O uso de roupas pretas como forma de protesto contra o assédio foi inaugurado na cerimônia deste ano do Globo de Ouro, quando vencedores do prêmio usaram o discurso de agradecimento para chamar a atenção para o problema.

As campanhas surgiram depois de uma série de acusações de assédio e estupro contra o poderoso produtor cinematográfico americano Harvey Weinstein - ele diz que todas as relações sexuais foram consensuais.

Desde que as denúncias vieram a público, várias personalidades usaram as redes sociais para falar sobre o assunto, algumas detalhando o assédio que sofreram.

A hashtag #MeToo ("eu também", em tradução do inglês) passou a ser adotada por homens e mulheres que já sofreram algum tipo de assédio.

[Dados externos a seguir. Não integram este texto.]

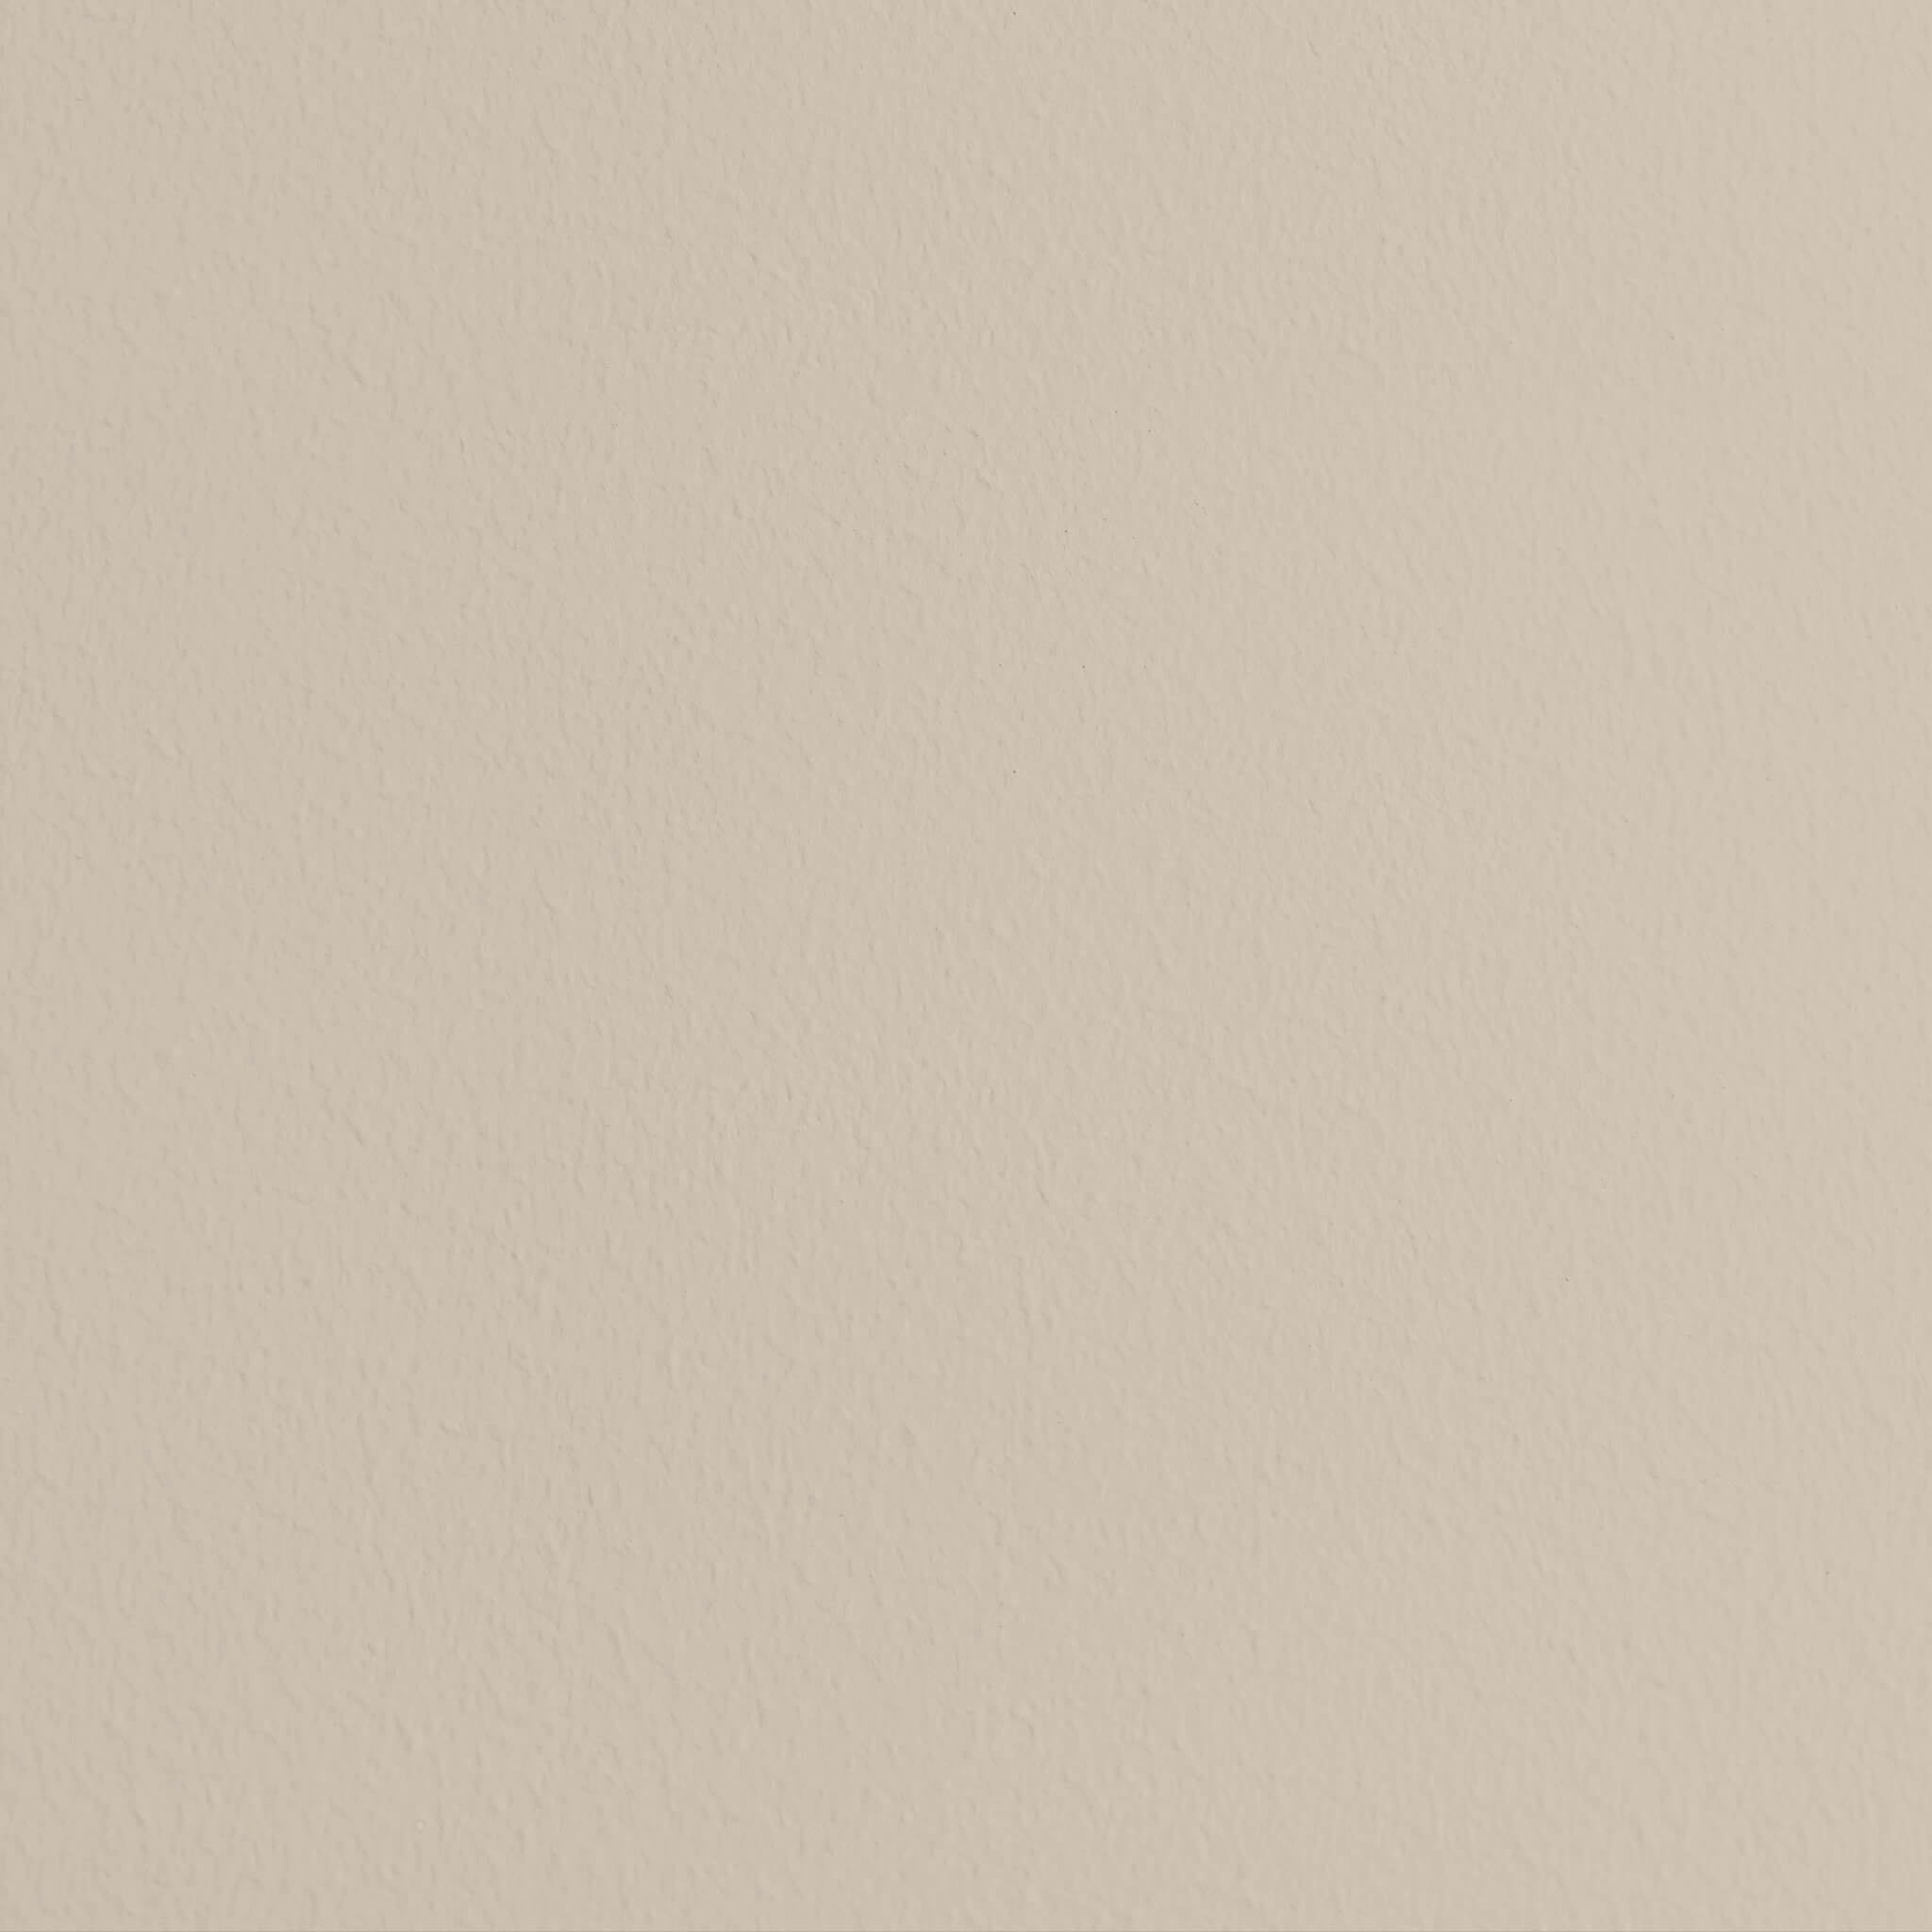 Mylands Hoxton Grey No. 72 - Marble Matt Emulsion / Wandfarbe, 2.5L

E astros de Hollywood lançaram a campanha "Time's Up", (algo como "o tempo acabou") para prestar auxílio jurídico a mulheres vítimas de abuso sexual no trabalho.

A atriz Salma Hayek, que também compartilhou sua experiência pessoal com Weinstein, fez uma brincadeira ao entregar o prêmio Bafta de Melhor Ator.

"Neste importante e histórico ano para as mulheres, eu estou aqui neste palco legendário para celebrar os homens", disse, antes de entregar a estatueta ao ator Gary Oldman por sua atuação em O Destino de Uma Nação.

Do lado de fora do fora do evento, ativistas protestaram contra a primeira-ministra britânica Theresa May. Alguns deles usavam camisetas com os dizeres "Time's Up Theresa".